You can perform this step **after** *or before* creating the first ML model. Sometimes, it is best to start with ALL of the features to create a **baseline model**. Later, when optimizing and tweaking the model, you can perform feature selection to improve the model (hopefully).

# **Feature Scaling**

This is the process of scaling the features to a certain range. This is important since it can help us improve the performance of our model. This is because some ML models are sensitive to the scale of the features. For example, the `LinearRegression` model is sensitive to the scale of the features.

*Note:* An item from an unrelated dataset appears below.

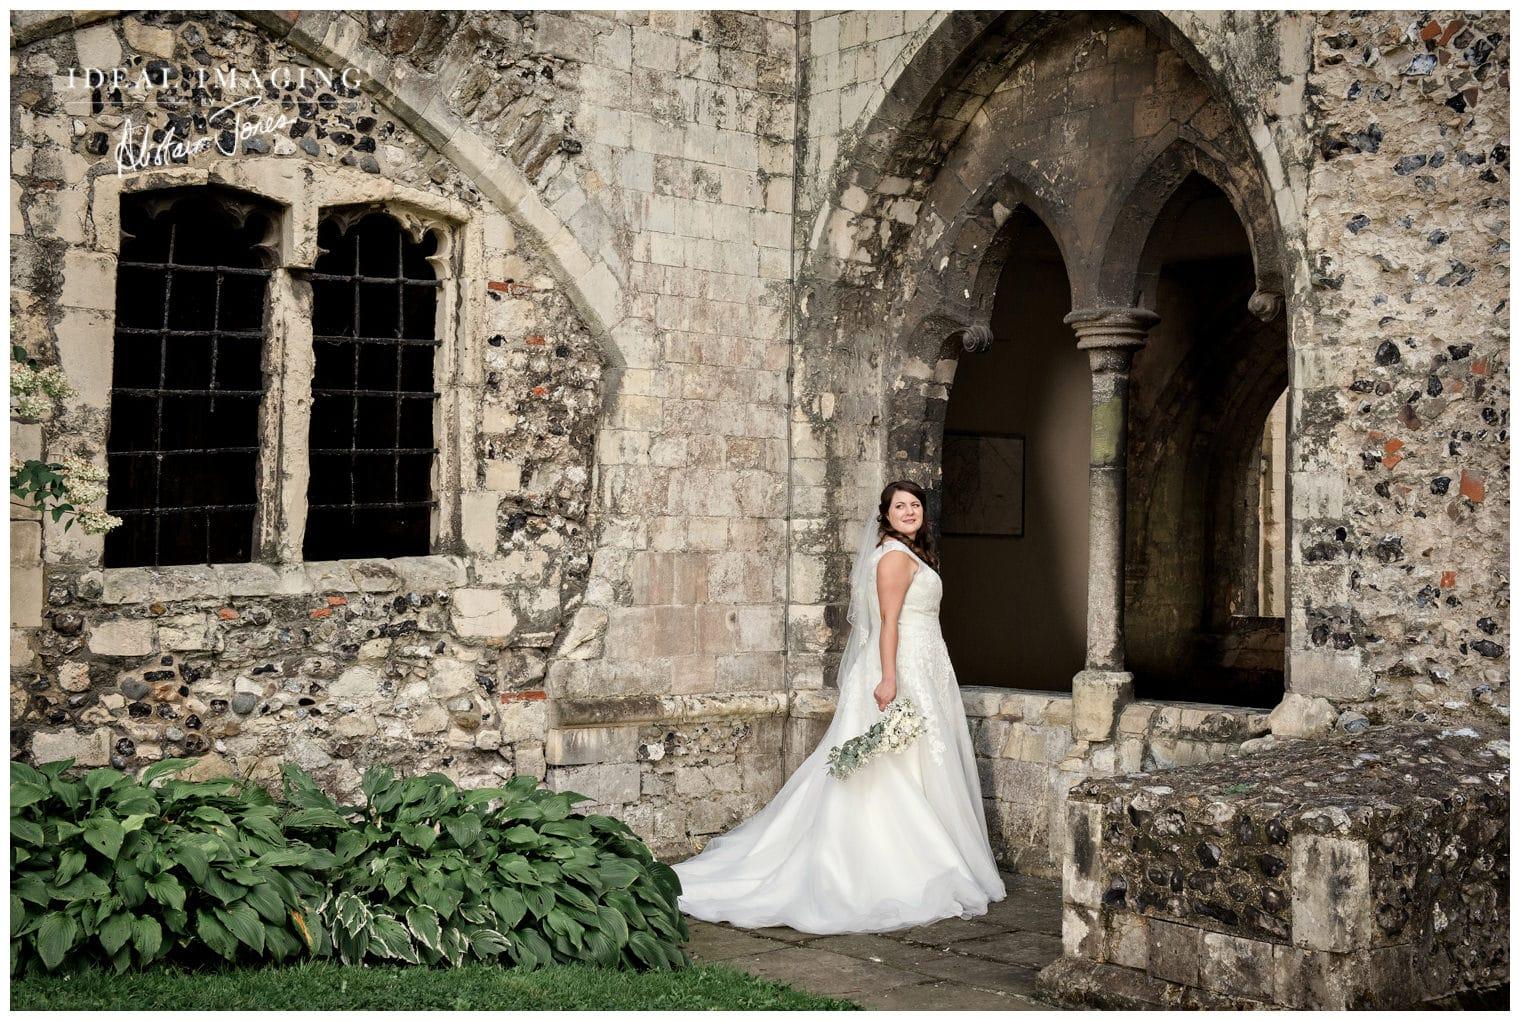 canterbury_cathedral_wedding-098

On the other hand, the `DecisionTreeRegressor` model is NOT sensitive to the scale of the features.

In [32]:
df = pd.read_csv('./nyc-taxi-trip-duration/train_clean_with_features.csv', parse_dates=['pickup_datetime'])
df.head()

Unnamed: 0,vendor_id,pickup_datetime,passenger_count,pickup_longitude,pickup_latitude,dropoff_longitude,dropoff_latitude,store_and_fwd_flag,trip_duration,Day of Week,Day of Month,Holiday,Time of Day,Distance (km)
0,2,2016-03-14 17:24:55,1,-73.982155,40.767937,-73.96463,40.765602,N,455,0,14,False,Evening,1.498521
1,1,2016-06-12 00:43:35,1,-73.980415,40.738564,-73.999481,40.731152,N,663,6,12,False,Early Morning,1.805507
2,2,2016-01-19 11:35:24,1,-73.979027,40.763939,-74.005333,40.710087,N,2124,1,19,False,Morning,6.385098
3,2,2016-04-06 19:32:31,1,-74.01004,40.719971,-74.012268,40.706718,N,429,2,6,False,Evening,1.485498
4,2,2016-03-26 13:30:55,1,-73.973053,40.793209,-73.972923,40.78252,N,435,5,26,False,Afternoon,1.188588


In [33]:
df.describe()

Unnamed: 0,vendor_id,passenger_count,pickup_longitude,pickup_latitude,dropoff_longitude,dropoff_latitude,trip_duration,Day of Week,Day of Month,Distance (km)
count,1458644.0,1458644.0,1458644.0,1458644.0,1458644.0,1458644.0,1458644.0,1458644.0,1458644.0,1458644.0
mean,1.53495,1.66453,-73.97349,40.75092,-73.97342,40.7518,959.4923,3.050375,15.50402,3.440864
std,0.4987772,1.314242,0.07090186,0.03288119,0.07064327,0.03589056,5237.432,1.954039,8.703135,4.296538
min,1.0,0.0,-121.9333,34.3597,-121.9333,32.18114,1.0,0.0,1.0,0.0
25%,1.0,1.0,-73.99187,40.73735,-73.99133,40.73588,397.0,1.0,8.0,1.231837
50%,2.0,1.0,-73.98174,40.7541,-73.97975,40.75452,662.0,3.0,15.0,2.093717
75%,2.0,2.0,-73.96733,40.76836,-73.96301,40.76981,1075.0,5.0,23.0,3.875337
max,2.0,9.0,-61.33553,51.88108,-61.33553,43.92103,3526282.0,6.0,31.0,1240.909


For the **numerical columns** above, you can *normalize* the scale **LATER** after creating the baseline model to check if such a step results to an improvement or not. Refer to the discussion on EDA.